Thank Magnesium For Water-Activated Batteries

Most of the batteries we use these days, whether rechargeable or not, are generally self-contained affairs. They come in a sealed package, with the anode, cathode, and electrolyte all wrapped up inside a stout plastic or metal casing. All the reactive chemicals stay inside.

However, a certain class of magnesium batteries are manufactured in a dry, unreactive state. To switch these batteries on, all you need to do is add water! Let’s take a look at these useful devices, and explore some of their applications.

Just Add Water

Stored in a sealed package with an appropriate dessicant, water-activated batteries can last for years on the shelf without losing any appreciable capacity. Credit: JonathanLamb, public domain

Magnesium water-activated batteries come in a variety of types and formats, but the various styles available all share some common attributes. They all use a magnesium anode, and rely on aqueous solutions as the electrolyte. Typical selections involve fresh water or seawater, though custom preparations can be used to vary the battery’s performance characteristics.

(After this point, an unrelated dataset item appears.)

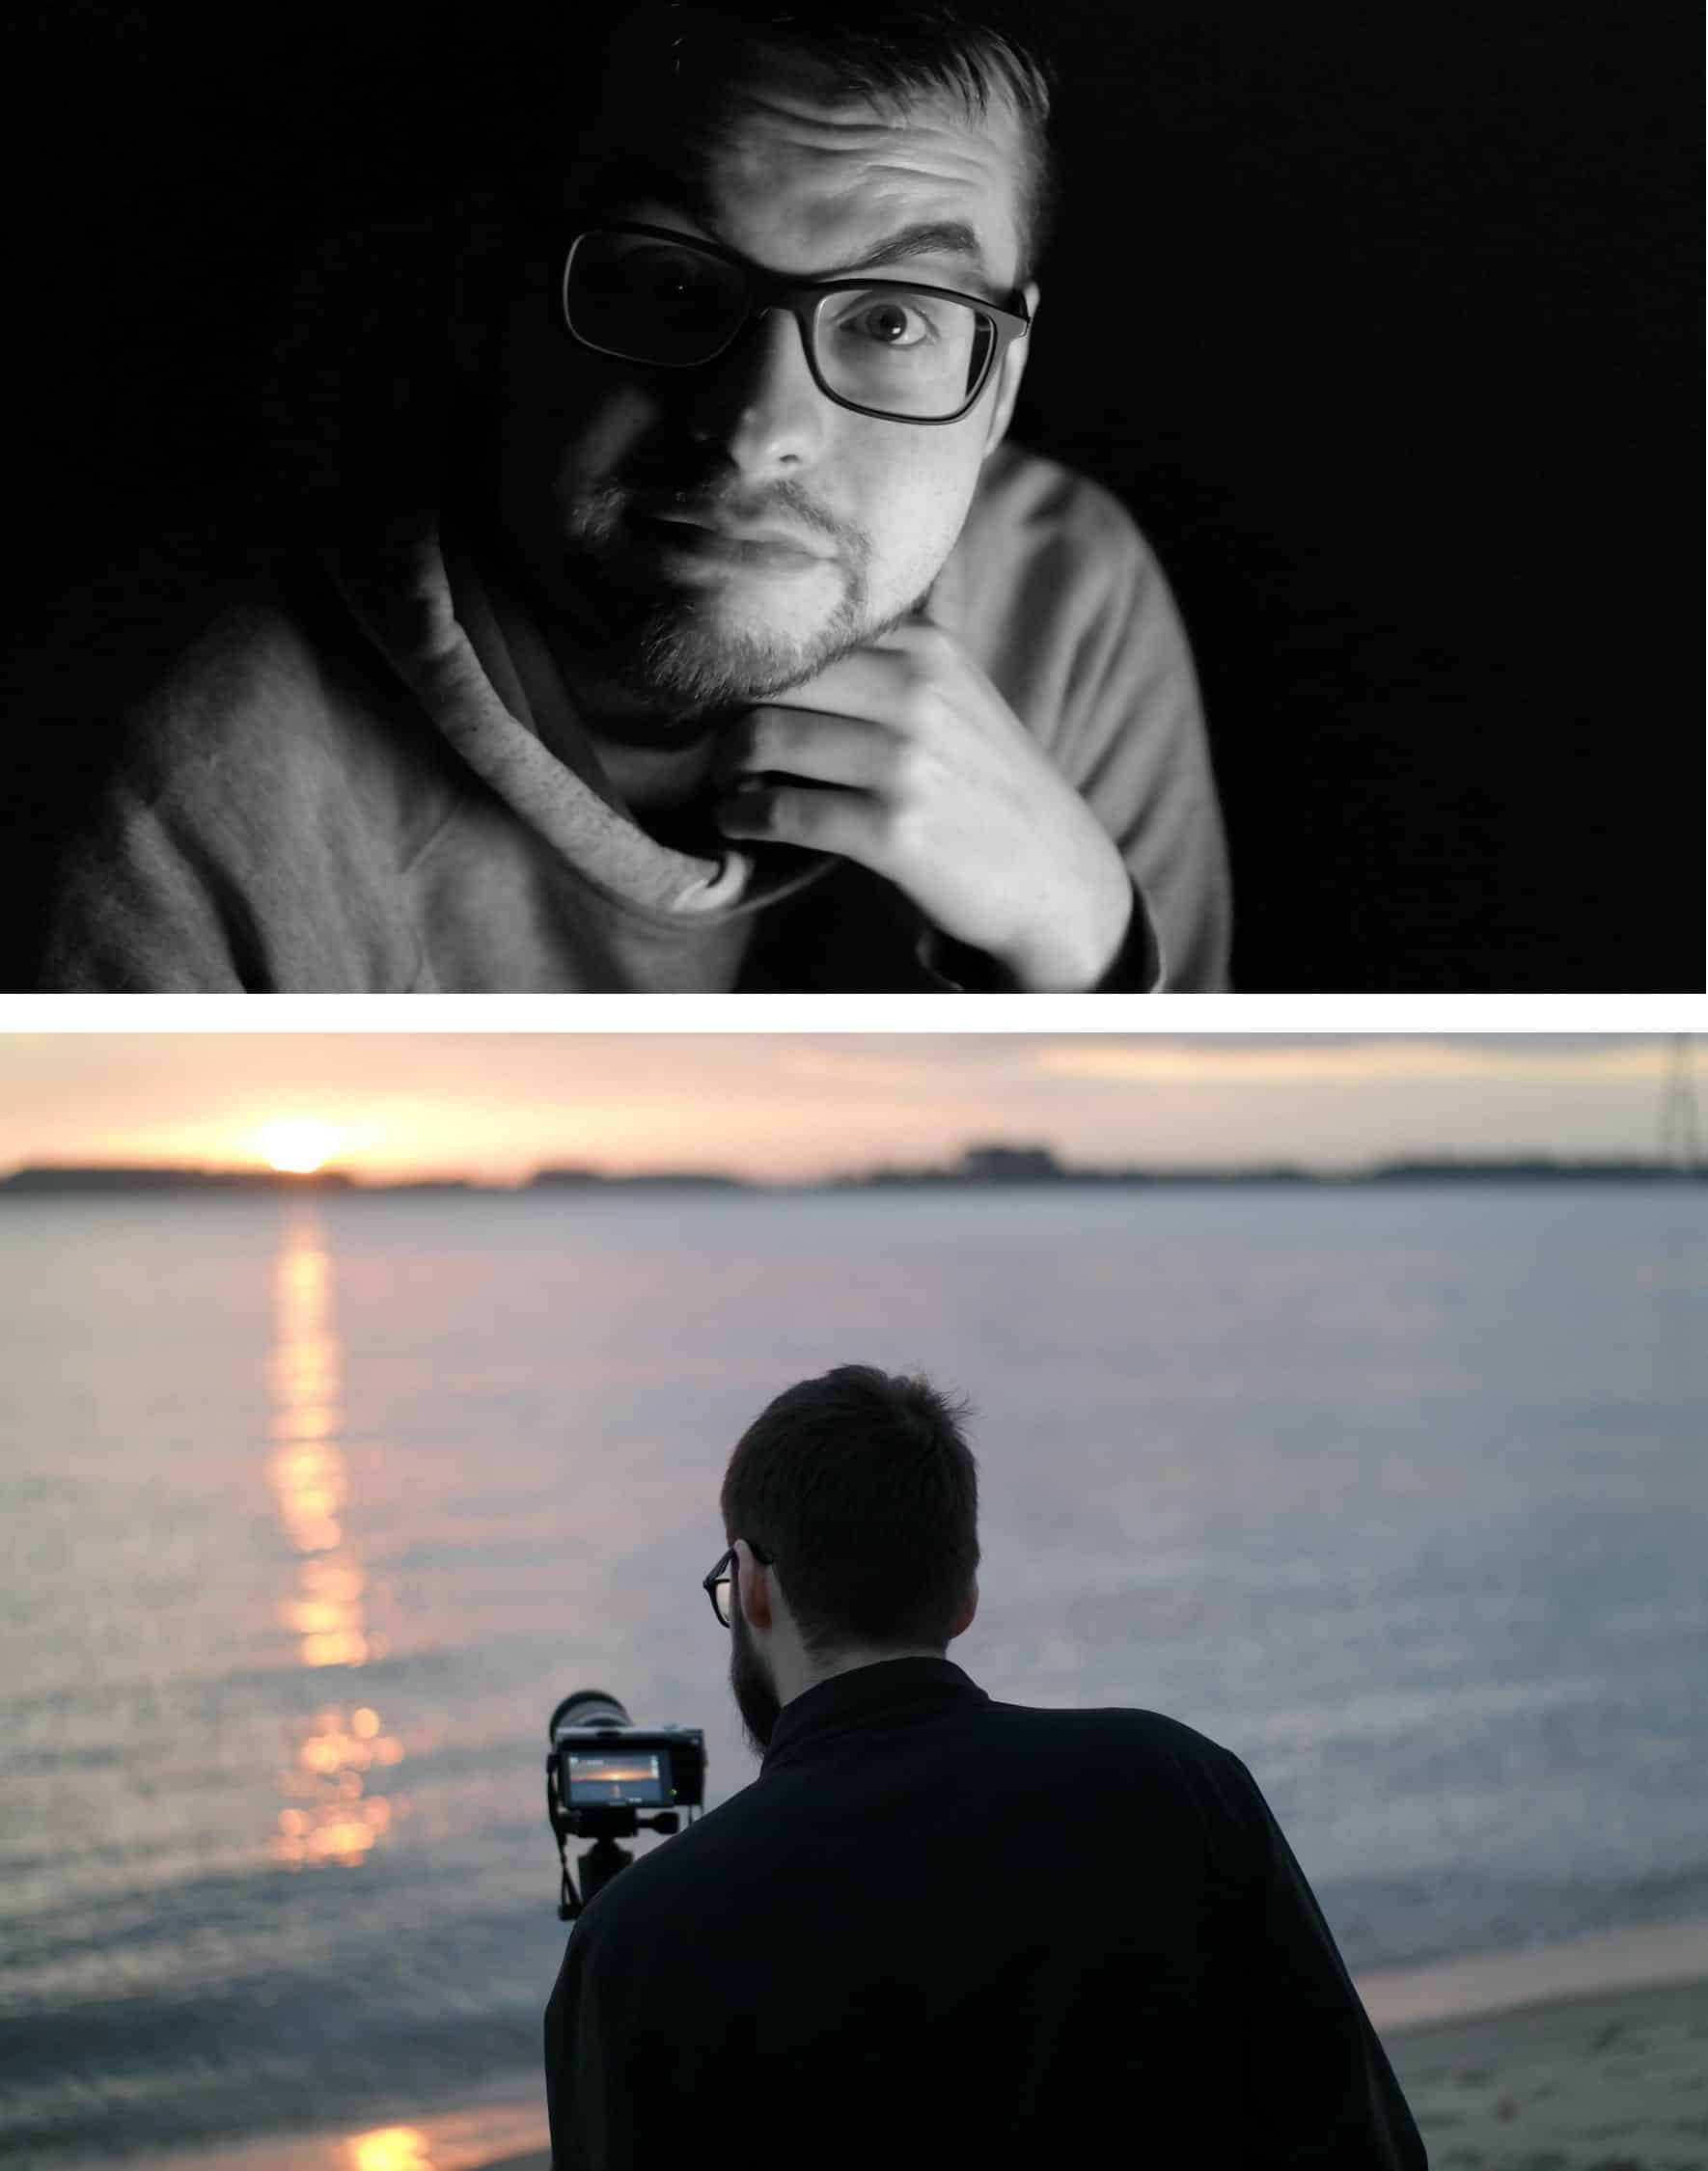 At the first image, Niklas is posing to the camera. The second image Niklas is holding a camera and taking a picture of the beautiful sunset.

The main benefit of these batteries is that they can be produced in an entirely “dry” fashion. The magnesium anode and the various salt cathodes used are all solid-state materials. Without the water electrolyte in place, they can happily sit on the shelf for years without degrading. That’s a big benefit over the traditional batteries we use every day, which start the self-discharge process as soon as they’re manufactured. Magnesium batteries inherently have high self-discharge, too, but without the electrolyte in place, the battery isn’t complete, and it simply doesn’t happen. However, this does mean they’re single-use batteries that typically run for minutes to hours at the most.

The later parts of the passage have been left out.